July 25, 2020
The former minister of Justice and Public Security, Sergio Moro. Photo: Antonio Cruz/ Ag. Brasil

Italian jurist Luigi Ferrajoli, one of the most important theorists of the guarantee of right to trial, affirmed that the “explicit partiality” of ex-judge Sérgio Moro would justify his suspicion in any country in the world. The statement was made in an interview published by the newspaper Folha de S. Paulo last Saturday 25th July.

To the newspaper, the professor of Philosophy of Law at the University of Rome criticized what he considers a visible confusion between prosecution and judging entity during the operation Car Wash. He said that the Lula Case makes the Clean Hands operation look abiding to the right to trial; and that a Jury is not a fair procedure to process those in charge of serious crimes.
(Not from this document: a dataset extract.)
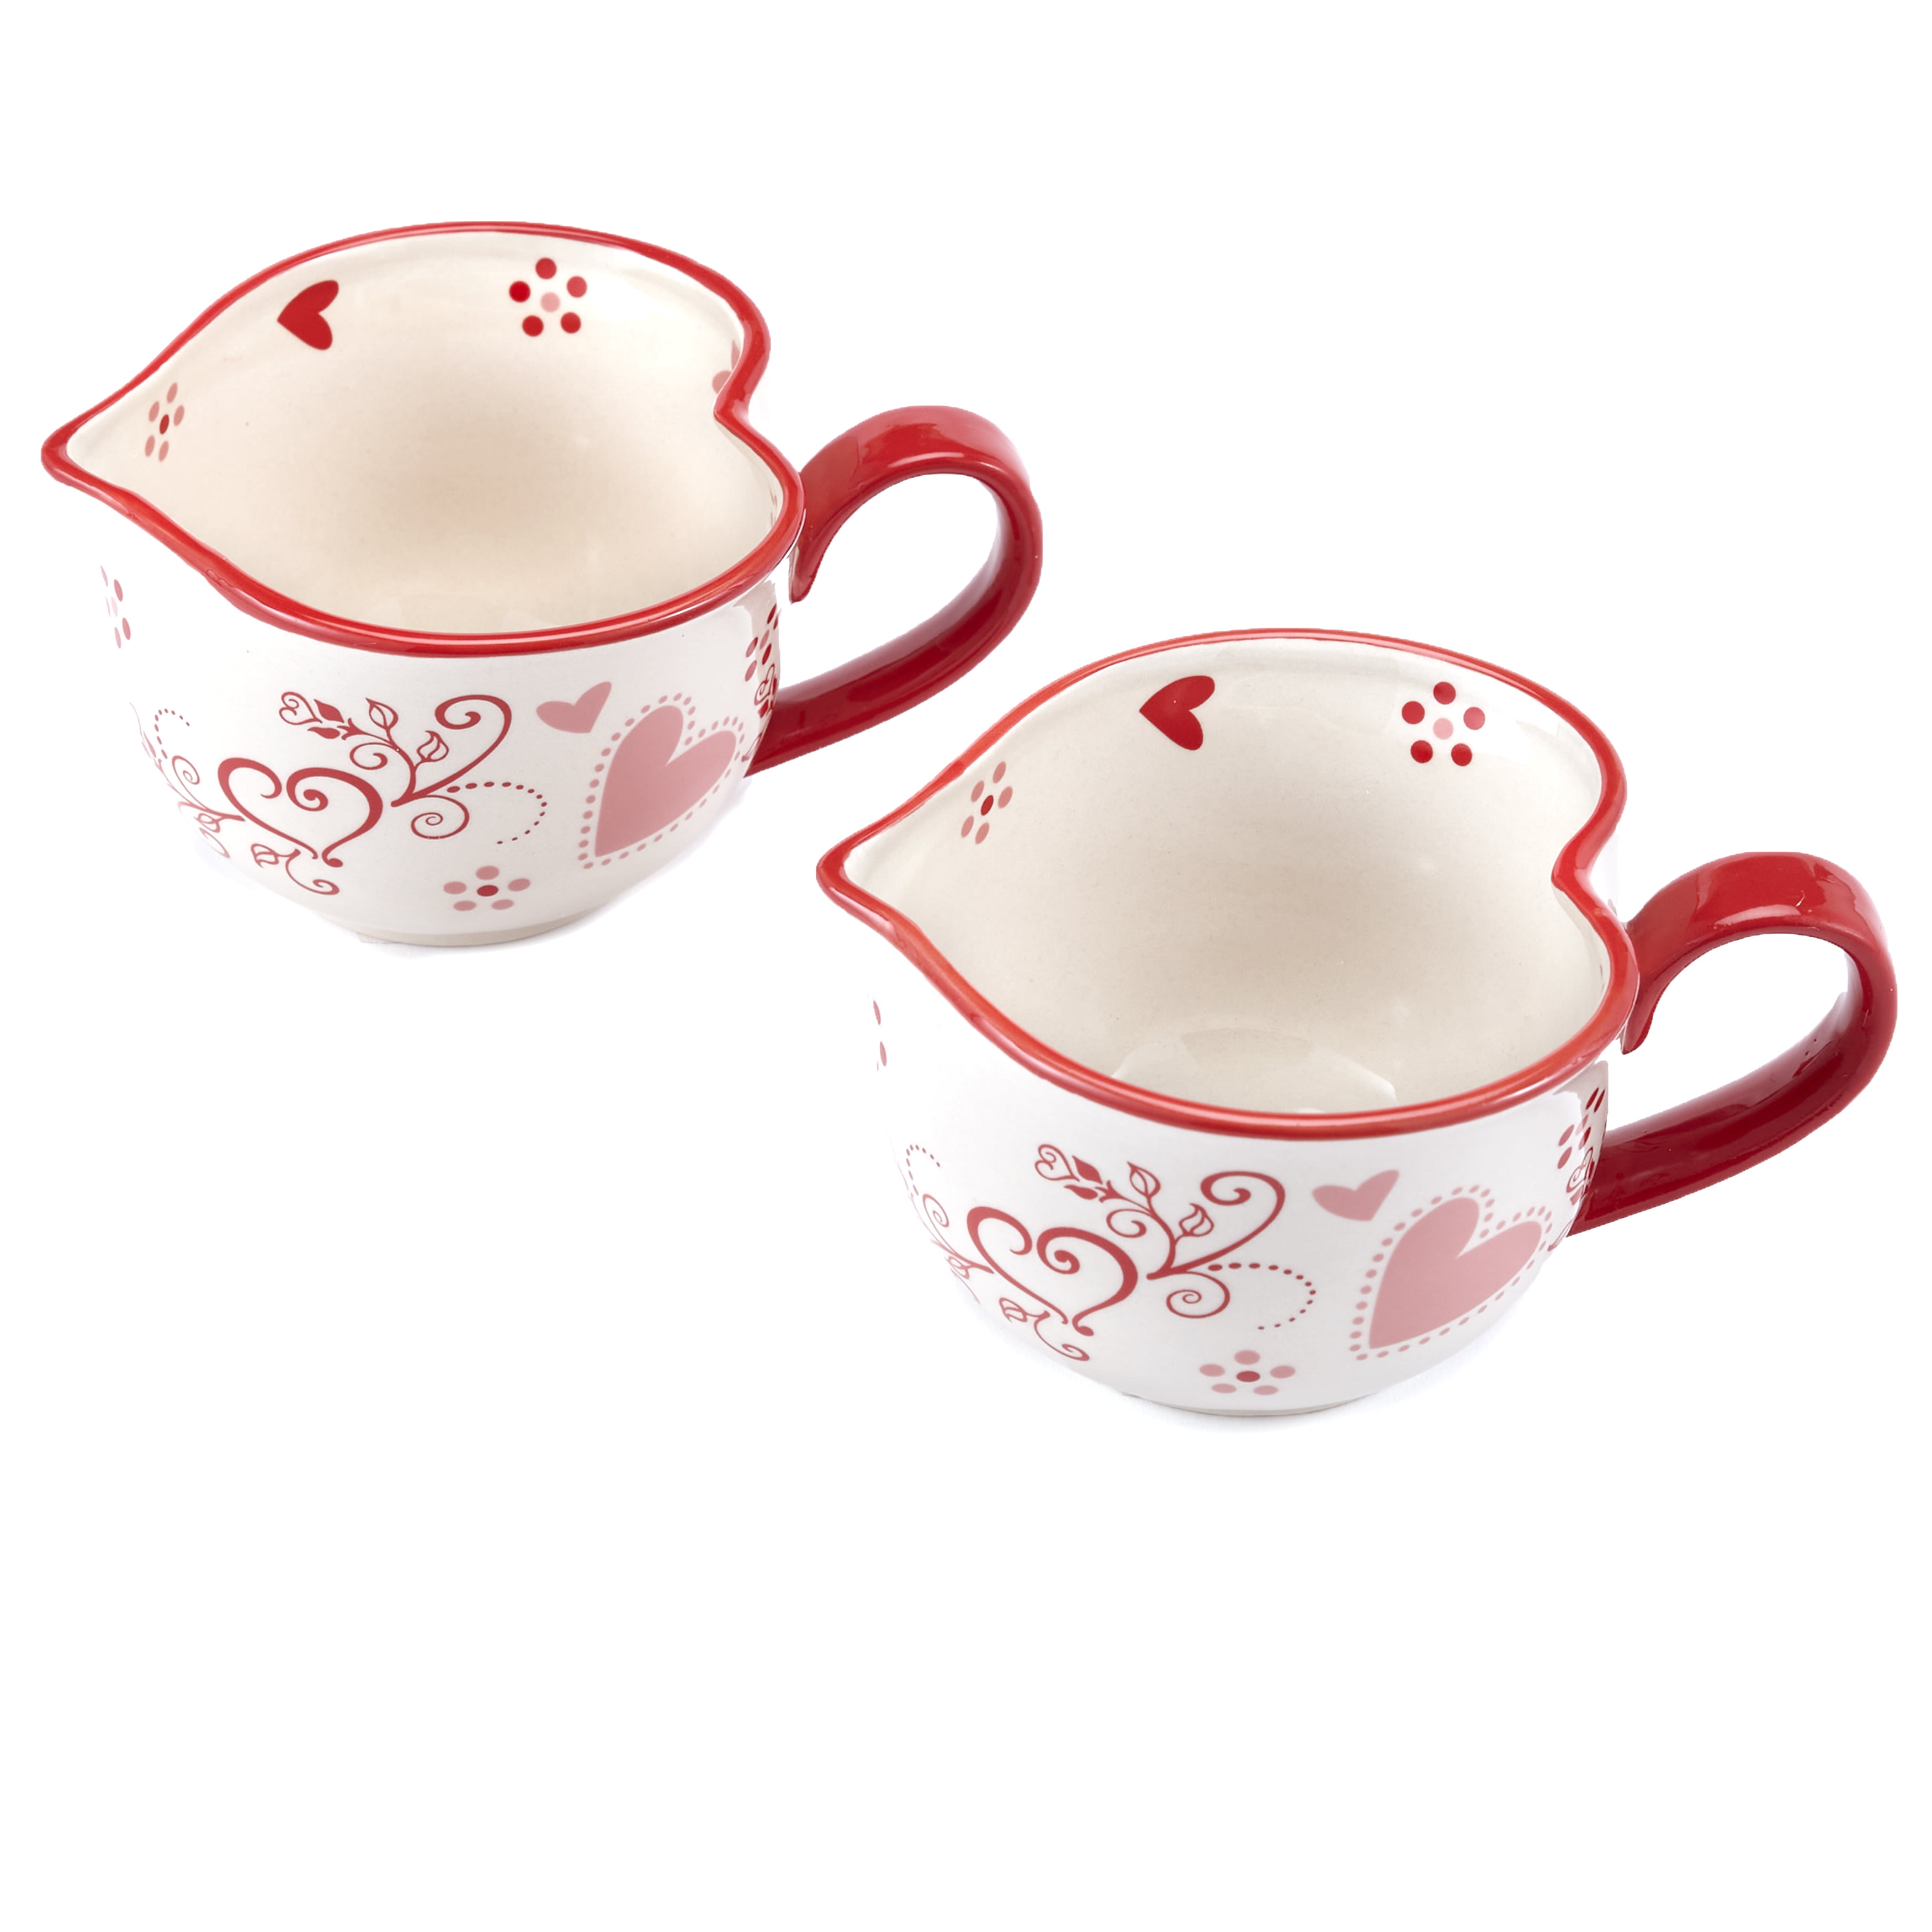 A Pair of brand New Heart Coffee Mugs

“In the case of the conviction of ex-president Lula, the violations of guarantees of due process were, from the beginning, massive. In any other country, the behavior of judge Moro would justify his suspicion, for his explicit lack of impartiality and for the repeated anticipations of judgement”, he said.
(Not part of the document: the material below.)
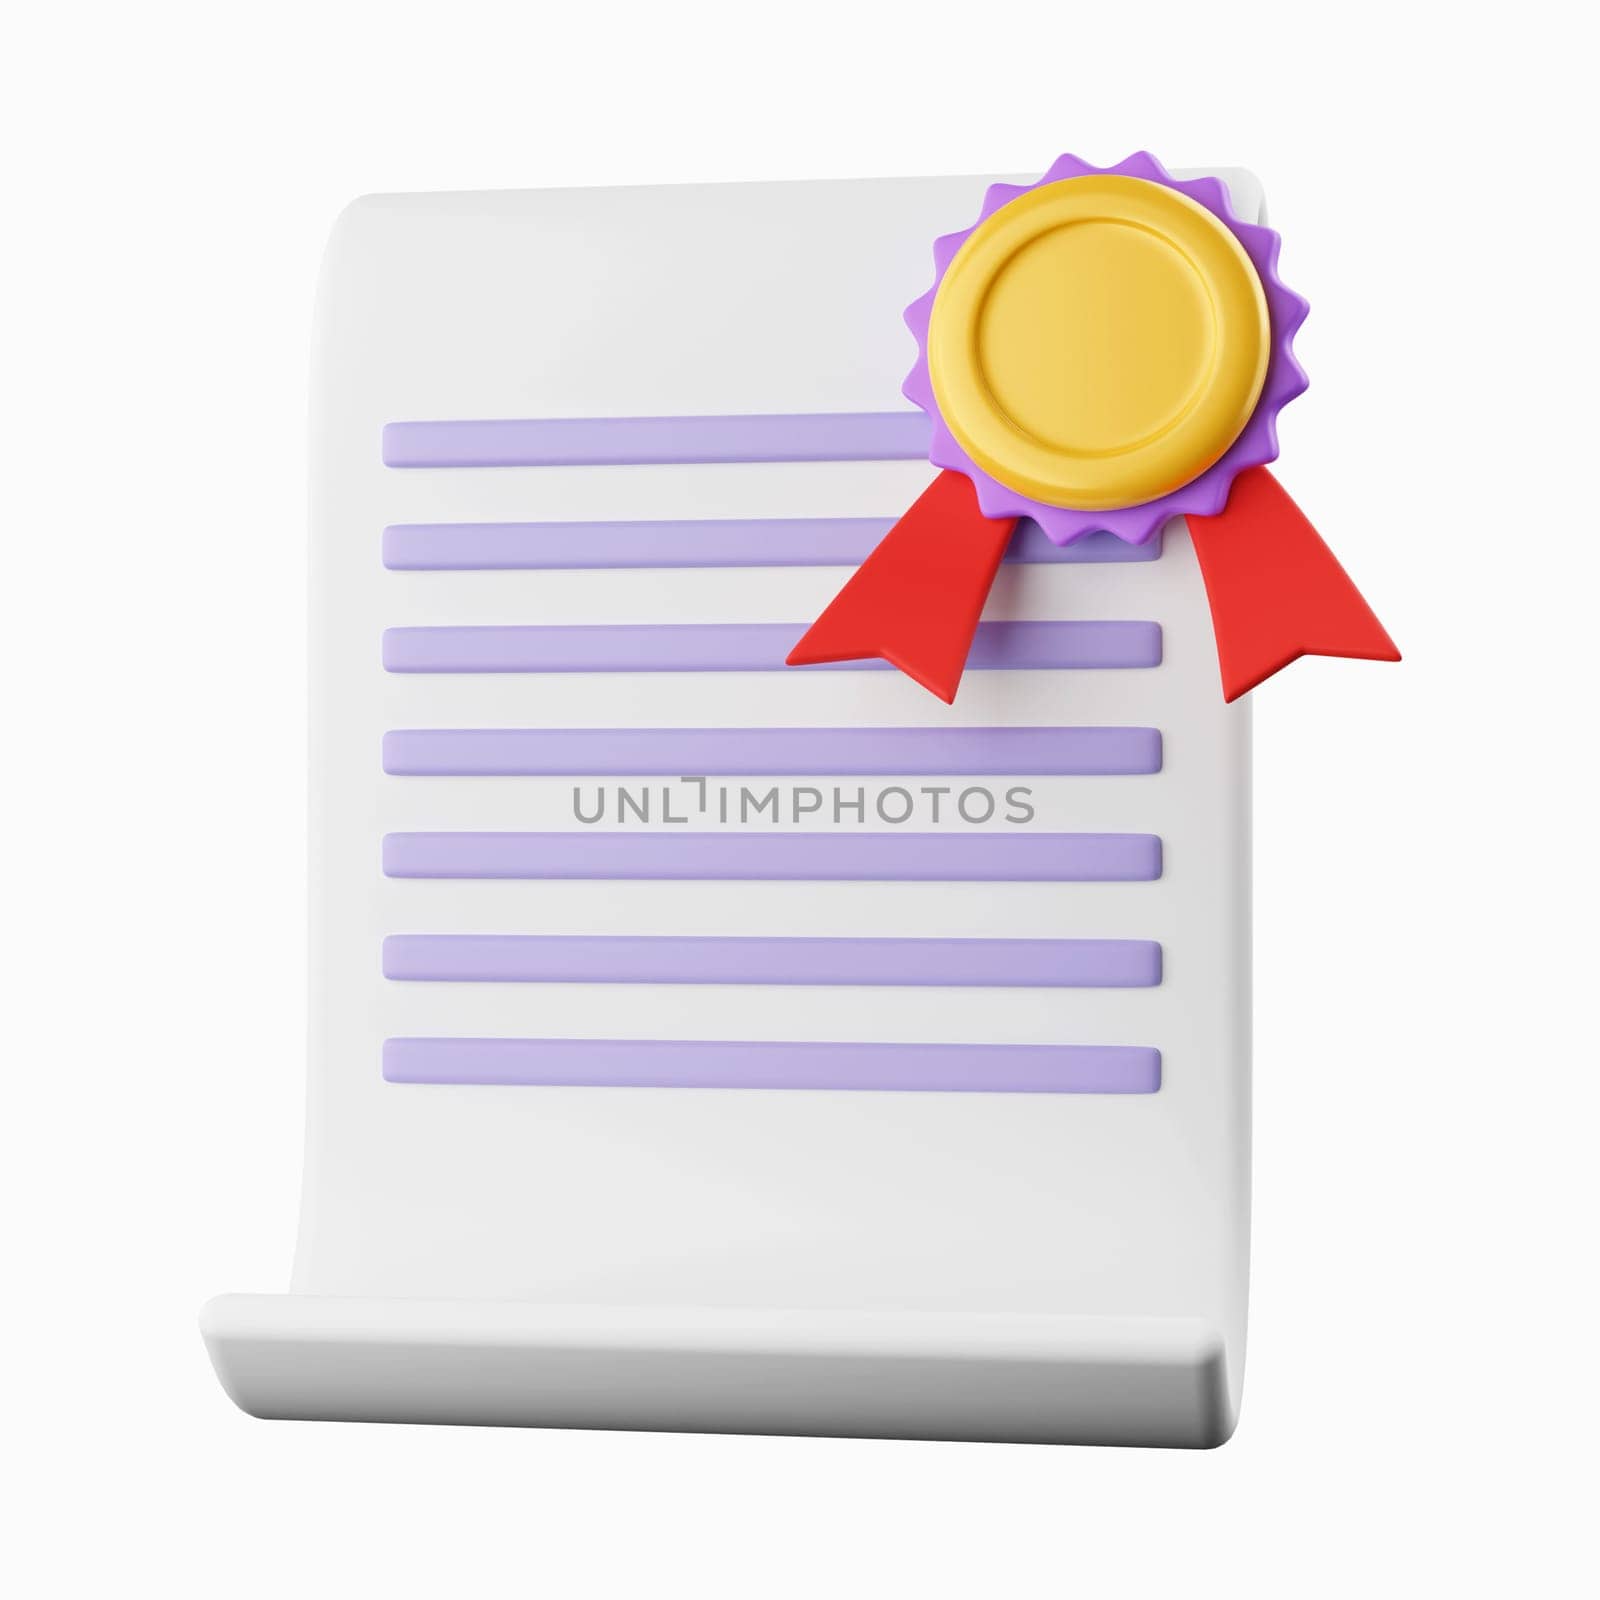 3d Certificate. Achievement, award, grant, diploma concepts. isolated on background, icon symbol clipping path. 3d render illustration.

For him, there is no doubt that the Italian trials of the early 1990´s undoubtedly committed “excesses anti-right to trial” such the abuse of preventive detentions and the excessive protagonism of the delator.

However, he proceeds, compared to the acting of Moro and prosecutors of the Public Prosecutor´s Office in Curitiba, the judgements in Italy “look like a model of the right to trial”. “In those trials there was never a confusion between judge and prosecution: the limitations of freedom during discovery and, obviously, the sentences were always decided by independent judges whom, several times, rejected the requests of the prosecution for considering them insufficiently grounded”, he considered.

It is not the first time that Ferrajoli criticizes the acting of Moro and the prosecutors of Paraná. In a letter published at ConJur in 2018, he expressed preoccupations with the “unique inquisitorial trait of the Brazilian penal process” and the confusion “between the judging role and the instruction role”.

“The impression that this process brings in vast swaths of the Italian democratic jurist culture, is of an impressive absence of impartiality from the part of the judges and prosecutors who promoted it”, he affirmed in the occasion.

Suspicion
Everything points out that the legal action about the suspicion of Moro, being analysed by the Second Panel of the Supreme Court, should be ruled within this year. Should the ex-magistrate of the 13th Federal Court be considered suspect, the processes of the ex-president Lula return to the denunciation phase and Workers Party leader will once again be able to run for office.

The process against Moro was filed after the website The Intercept Brazil revealed the exchange of messages between him and prosecutors of the self-proclaimed “Car Wash taskforce” in Curitiba. In the conversations, the functions of prosecution and judgement are blurred.

The ex-judge, for instance, guided the work of prosecutors and demanded efficiency from the “taskforce”, even coming to order search and seizure operations at the suspects´ homes with no demand from the Public Prosecutor´s Office.

In 2016, Moro even received an unfinished manifestation from the Prosecutor´s Office. After being pushed by the ex-judge, the prosecutor Deltan Dallagnol sent the piece with no review so Moro could advance his sentence.

Conjur | Translated by Mauricio Pupo.